Madame Kitaoka musterte sie aus schmalen Augen, als wollte sie sagen: Ich wusste, dass du das Richtige tun würdest. Taka steckte erst den einen, dann den anderen Arm in die Ärmel des weißen Gewandes und löste dabei den gestärkten Baumwollstoff voneinander. Ihr Schicksal war entschieden, sie würde es mit Würde annehmen. Doch trotz ihrer Bemühungen drängten sich noch immer rebellische Gedanken in ihren Kopf. Da musste es doch einen Weg zur Flucht geben. Sie atmete tief durch, durfte nicht mit so wirren Gedanken in den Tod gehen.
Takas Tanten hatten Räucherstäbchen entzündet. Mit Aloe, Nelken, Kampfer und Ambra parfümierter Rauch kräuselte sich in der Luft. Ein betäubender Duft, wie er buddhistische Tempel erfüllte, Bestattungen umwehte, an meditierende Mönche denken ließ. Als sie ihn einatmete, merkte Taka, dass ihr Geist ruhig wurde, ihr Herz nicht mehr so heftig pochte und die wirbelnden Gedanken zur Ruhe kamen. Es gab keinen Grund, am Leben zu hängen, das erkannte sie jetzt. Jung zu sterben, wenn das Leben noch vor ihr lag – das musste wohl wirklich schön sein.
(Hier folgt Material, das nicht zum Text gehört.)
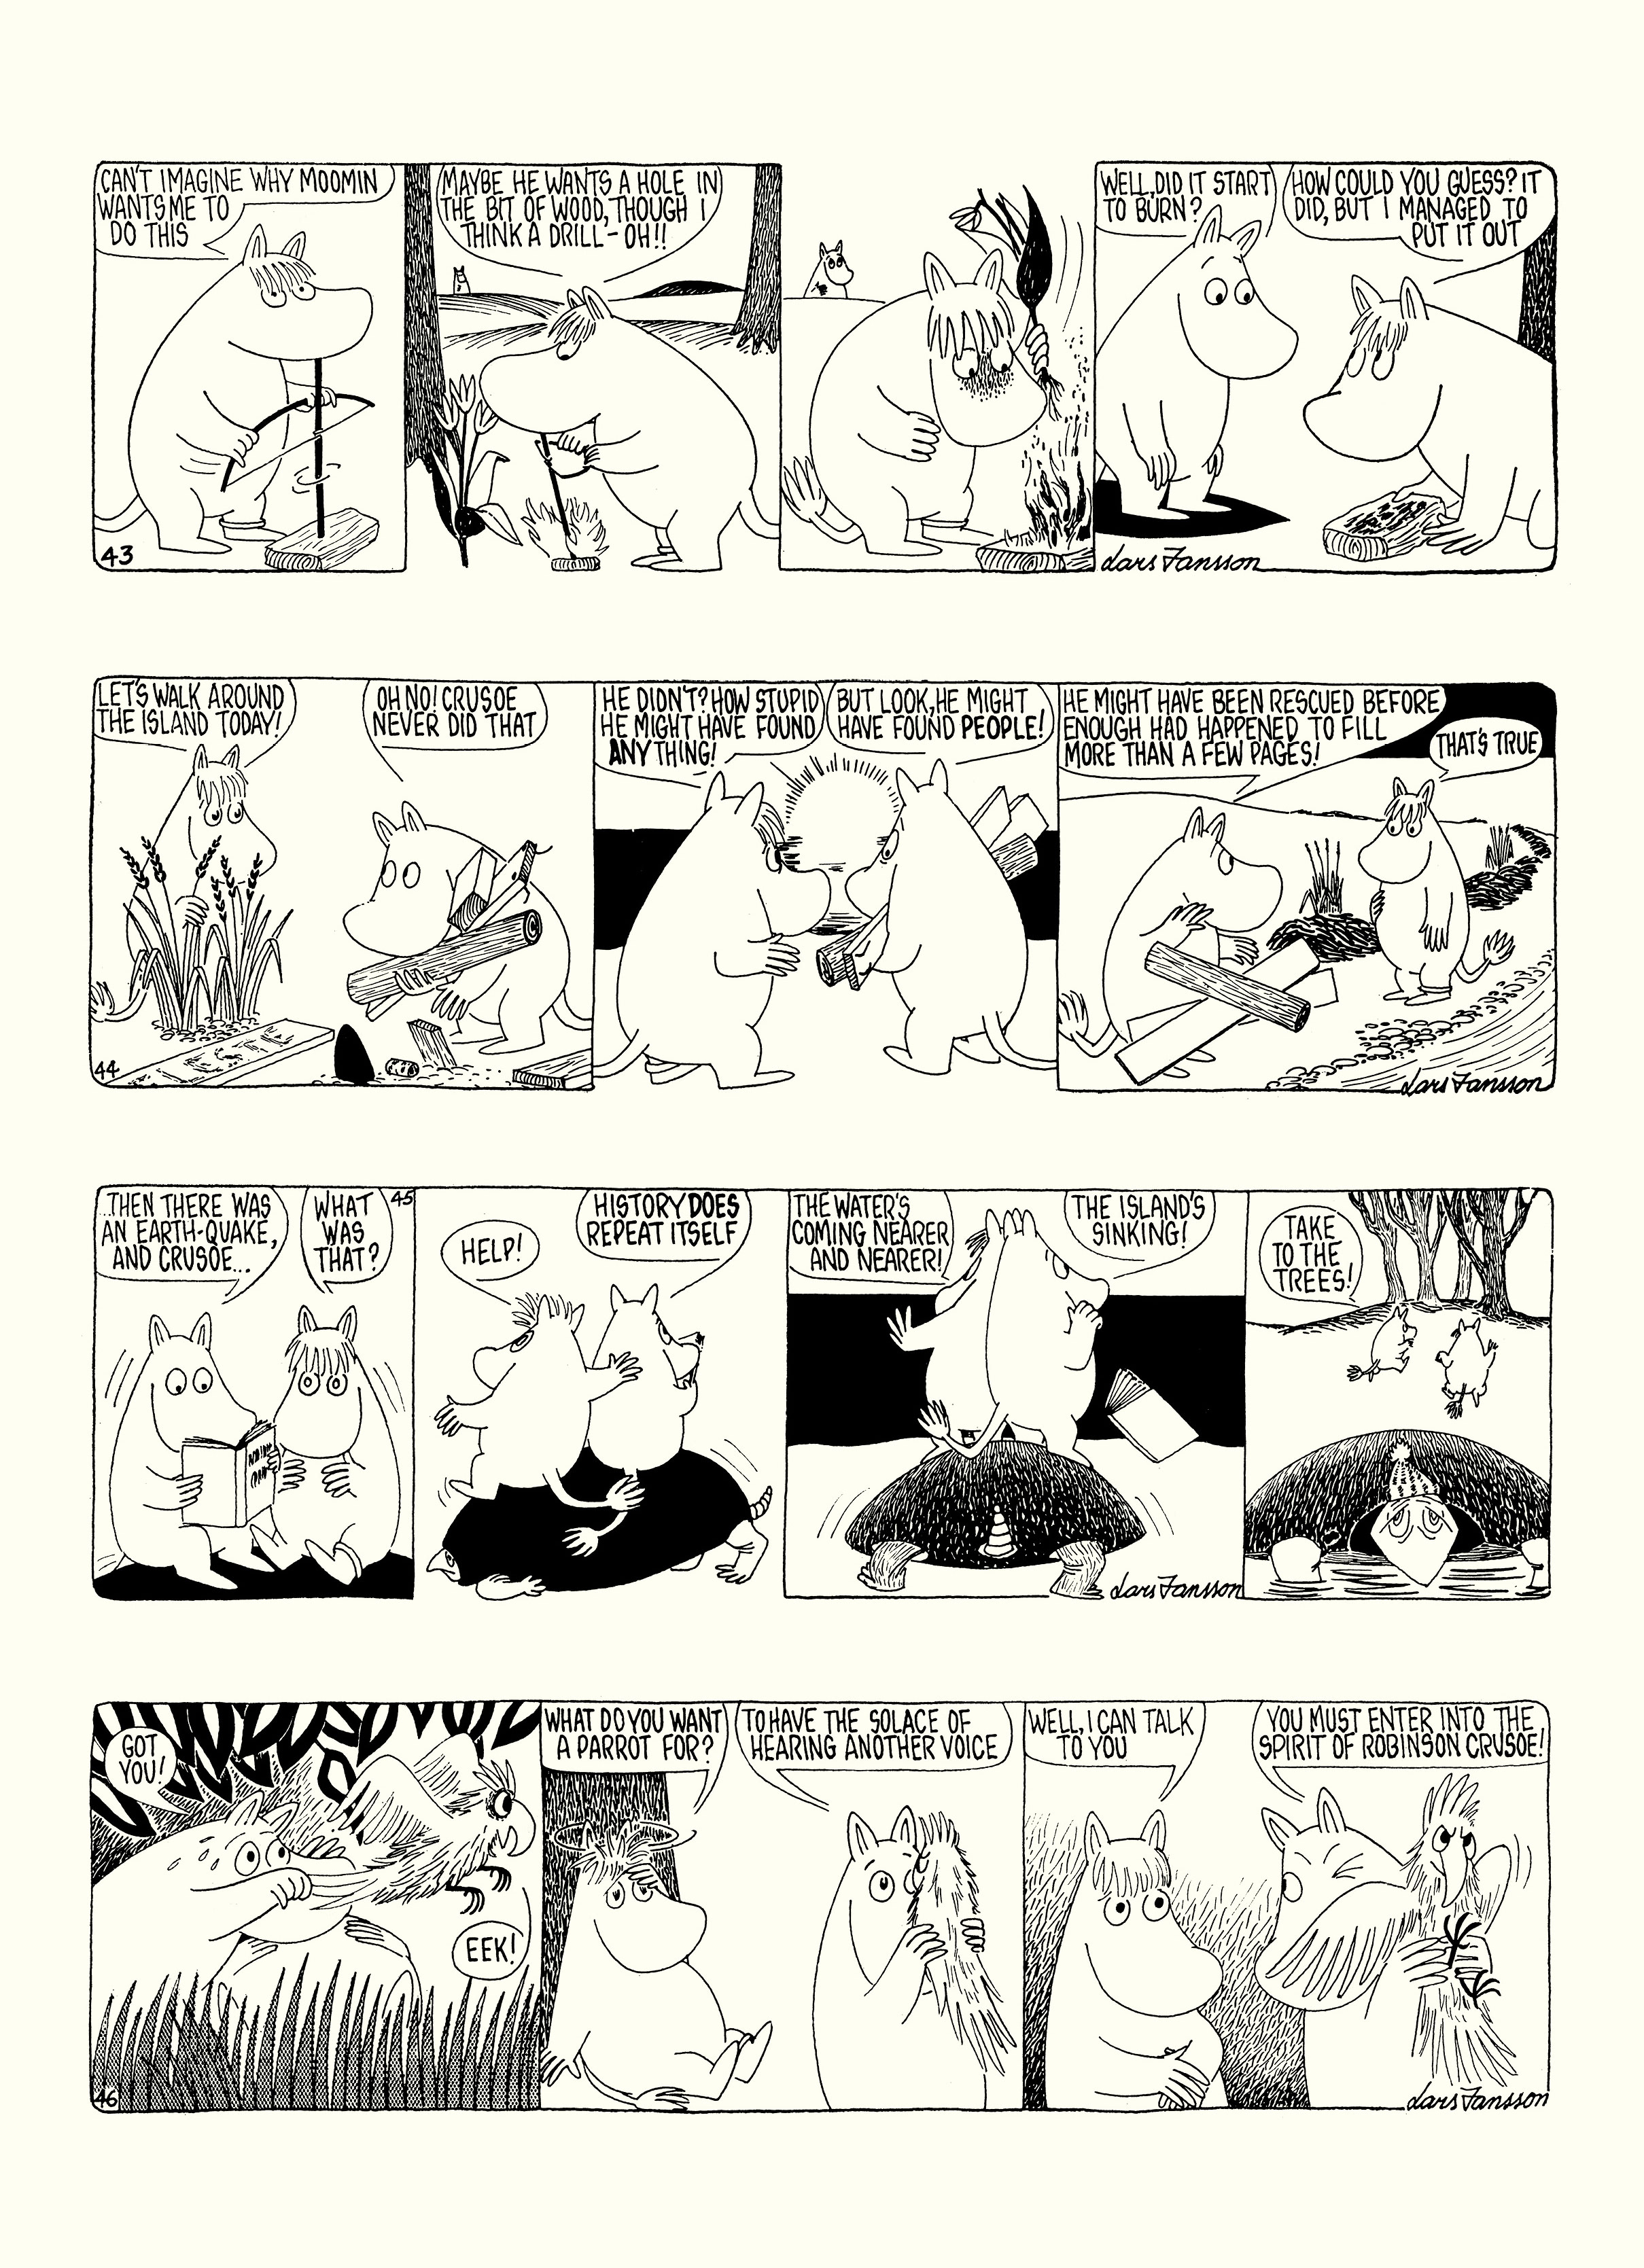 Read online Moomin: The Complete Lars Jansson Comic Strip comic -  Issue # TPB 8 - 16

Madame Kitaoka, die beiden Tanten und die drei älteren Kinder knieten in ihren weißen Gewändern im Kreis. Die Kinder machten ernste Gesichter wie stolze kleine Samurai.
Madame Kitaoka nahm ihren Dolch heraus und rückte die Seidenbindung am Griff zurecht. Der Dolch war eine kunstvolle Arbeit mit einer Metallscheide, umhüllt von Rehleder in Kirschblütenmuster. Als sie den Dolch aus der Scheide zog, spiegelten sich die Kerzen in der Klinge. Am Griff war das Kitaoka-Wappen angebracht. Takas Herz klopfte vor Stolz, Mitglied einer so edlen Familie zu sein. Madame Kitaokas Wangen waren gerötet, und ihr Gesicht strahlte, als wäre sie wirklich begierig, den Tod zu ihrem Geliebten zu nehmen. Ihr dünnes, spitzes Gesicht wirkte voller. Plötzlich war sie schön.
Takas Mutter, Tante Kiharu und Okatsu schauten mit kaum verhülltem Entsetzen zu. Madame Kitaoka wandte sich an sie. »Fujino, meine Schwester. Kiharu. Ich habe eine letzte Bitte. Sorgt dafür, dass Masa eine angemessene Einäscherung mit allen dazugehörigen Ritualen erhält. Die Armee wird versuchen, euch daran zu hindern, aber tut euer Bestes.«
»Es ist zu früh, letzte Bitten zu äußern«, protestierte Takas Mutter. Ihre Stimme zitterte, und ihr Atem kam stoßweise. »Sie brauchen nicht zu sterben, keiner von euch muss sterben.«
Ruhig antwortete Madame Kitaoka: »Die Sieger werden kein Erbarmen mit Samurai-Frauen haben. Sie werden uns Gewalt antun und zu Sklaven machen. Ehefrauen der Rebellen wurden bereits verhaftet und zur Arbeit nach Tokyo gebracht. Für uns gibt es nur einen Weg.«
»Der Kaiser wird Masa begnadigen«, jammerte Fujino.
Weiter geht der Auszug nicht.